_Assignment_:
A verbatim repeat of the records beneath this line is needed.

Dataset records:
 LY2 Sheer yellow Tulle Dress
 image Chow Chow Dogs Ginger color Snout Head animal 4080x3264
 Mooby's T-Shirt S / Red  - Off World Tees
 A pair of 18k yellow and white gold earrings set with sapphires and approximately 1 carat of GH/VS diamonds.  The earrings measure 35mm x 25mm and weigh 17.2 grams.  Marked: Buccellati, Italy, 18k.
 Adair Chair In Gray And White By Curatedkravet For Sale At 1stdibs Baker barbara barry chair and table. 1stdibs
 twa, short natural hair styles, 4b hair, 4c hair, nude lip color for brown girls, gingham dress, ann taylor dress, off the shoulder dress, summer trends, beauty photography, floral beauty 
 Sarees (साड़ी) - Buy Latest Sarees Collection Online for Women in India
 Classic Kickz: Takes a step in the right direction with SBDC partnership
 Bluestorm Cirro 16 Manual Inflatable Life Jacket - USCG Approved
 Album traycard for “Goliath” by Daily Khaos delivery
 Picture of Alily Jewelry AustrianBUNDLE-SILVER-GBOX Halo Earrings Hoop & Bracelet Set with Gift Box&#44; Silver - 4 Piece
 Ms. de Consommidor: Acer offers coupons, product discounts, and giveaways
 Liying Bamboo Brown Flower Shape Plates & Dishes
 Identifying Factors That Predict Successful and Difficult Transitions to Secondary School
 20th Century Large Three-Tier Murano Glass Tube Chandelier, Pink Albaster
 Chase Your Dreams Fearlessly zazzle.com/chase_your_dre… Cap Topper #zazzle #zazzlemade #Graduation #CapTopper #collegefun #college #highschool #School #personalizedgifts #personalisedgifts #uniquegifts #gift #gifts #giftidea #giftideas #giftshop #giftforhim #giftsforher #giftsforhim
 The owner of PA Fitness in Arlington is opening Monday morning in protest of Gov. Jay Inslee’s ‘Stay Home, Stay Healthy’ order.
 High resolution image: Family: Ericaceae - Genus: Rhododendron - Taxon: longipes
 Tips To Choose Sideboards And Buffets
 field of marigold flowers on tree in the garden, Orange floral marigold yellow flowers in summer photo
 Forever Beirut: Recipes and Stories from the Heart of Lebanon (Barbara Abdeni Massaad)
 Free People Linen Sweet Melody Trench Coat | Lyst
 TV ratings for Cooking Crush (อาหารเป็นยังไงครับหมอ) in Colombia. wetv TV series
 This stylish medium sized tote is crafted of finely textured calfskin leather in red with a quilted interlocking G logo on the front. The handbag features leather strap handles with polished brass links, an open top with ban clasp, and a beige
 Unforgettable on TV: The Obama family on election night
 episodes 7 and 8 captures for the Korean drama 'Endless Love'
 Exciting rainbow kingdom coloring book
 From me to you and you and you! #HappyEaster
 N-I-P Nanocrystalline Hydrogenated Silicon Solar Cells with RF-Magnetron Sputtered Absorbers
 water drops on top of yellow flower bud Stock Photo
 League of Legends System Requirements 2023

_Solved exercise_:
 LY2 Sheer yellow Tulle Dress
 image Chow Chow Dogs Ginger color Snout Head animal 4080x3264
 Mooby's T-Shirt S / Red  - Off World Tees
 A pair of 18k yellow and white gold earrings set with sapphires and approximately 1 carat of GH/VS diamonds.  The earrings measure 35mm x 25mm and weigh 17.2 grams.  Marked: Buccellati, Italy, 18k.
 Adair Chair In Gray And White By Curatedkravet For Sale At 1stdibs Baker barbara barry chair and table. 1stdibs
 twa, short natural hair styles, 4b hair, 4c hair, nude lip color for brown girls, gingham dress, ann taylor dress, off the shoulder dress, summer trends, beauty photography, floral beauty 
 Sarees (साड़ी) - Buy Latest Sarees Collection Online for Women in India
 Classic Kickz: Takes a step in the right direction with SBDC partnership
 Bluestorm Cirro 16 Manual Inflatable Life Jacket - USCG Approved
 Album traycard for “Goliath” by Daily Khaos delivery
 Picture of Alily Jewelry AustrianBUNDLE-SILVER-GBOX Halo Earrings Hoop & Bracelet Set with Gift Box&#44; Silver - 4 Piece
 Ms. de Consommidor: Acer offers coupons, product discounts, and giveaways
 Liying Bamboo Brown Flower Shape Plates & Dishes
 Identifying Factors That Predict Successful and Difficult Transitions to Secondary School
 20th Century Large Three-Tier Murano Glass Tube Chandelier, Pink Albaster
 Chase Your Dreams Fearlessly zazzle.com/chase_your_dre… Cap Topper #zazzle #zazzlemade #Graduation #CapTopper #collegefun #college #highschool #School #personalizedgifts #personalisedgifts #uniquegifts #gift #gifts #giftidea #giftideas #giftshop #giftforhim #giftsforher #giftsforhim
 The owner of PA Fitness in Arlington is opening Monday morning in protest of Gov. Jay Inslee’s ‘Stay Home, Stay Healthy’ order.
 High resolution image: Family: Ericaceae - Genus: Rhododendron - Taxon: longipes
 Tips To Choose Sideboards And Buffets
 field of marigold flowers on tree in the garden, Orange floral marigold yellow flowers in summer photo
 Forever Beirut: Recipes and Stories from the Heart of Lebanon (Barbara Abdeni Massaad)
 Free People Linen Sweet Melody Trench Coat | Lyst
 TV ratings for Cooking Crush (อาหารเป็นยังไงครับหมอ) in Colombia. wetv TV series
 This stylish medium sized tote is crafted of finely textured calfskin leather in red with a quilted interlocking G logo on the front. The handbag features leather strap handles with polished brass links, an open top with ban clasp, and a beige
 Unforgettable on TV: The Obama family on election night
 episodes 7 and 8 captures for the Korean drama 'Endless Love'
 Exciting rainbow kingdom coloring book
 From me to you and you and you! #HappyEaster
 N-I-P Nanocrystalline Hydrogenated Silicon Solar Cells with RF-Magnetron Sputtered Absorbers
 water drops on top of yellow flower bud Stock Photo
 League of Legends System Requirements 2023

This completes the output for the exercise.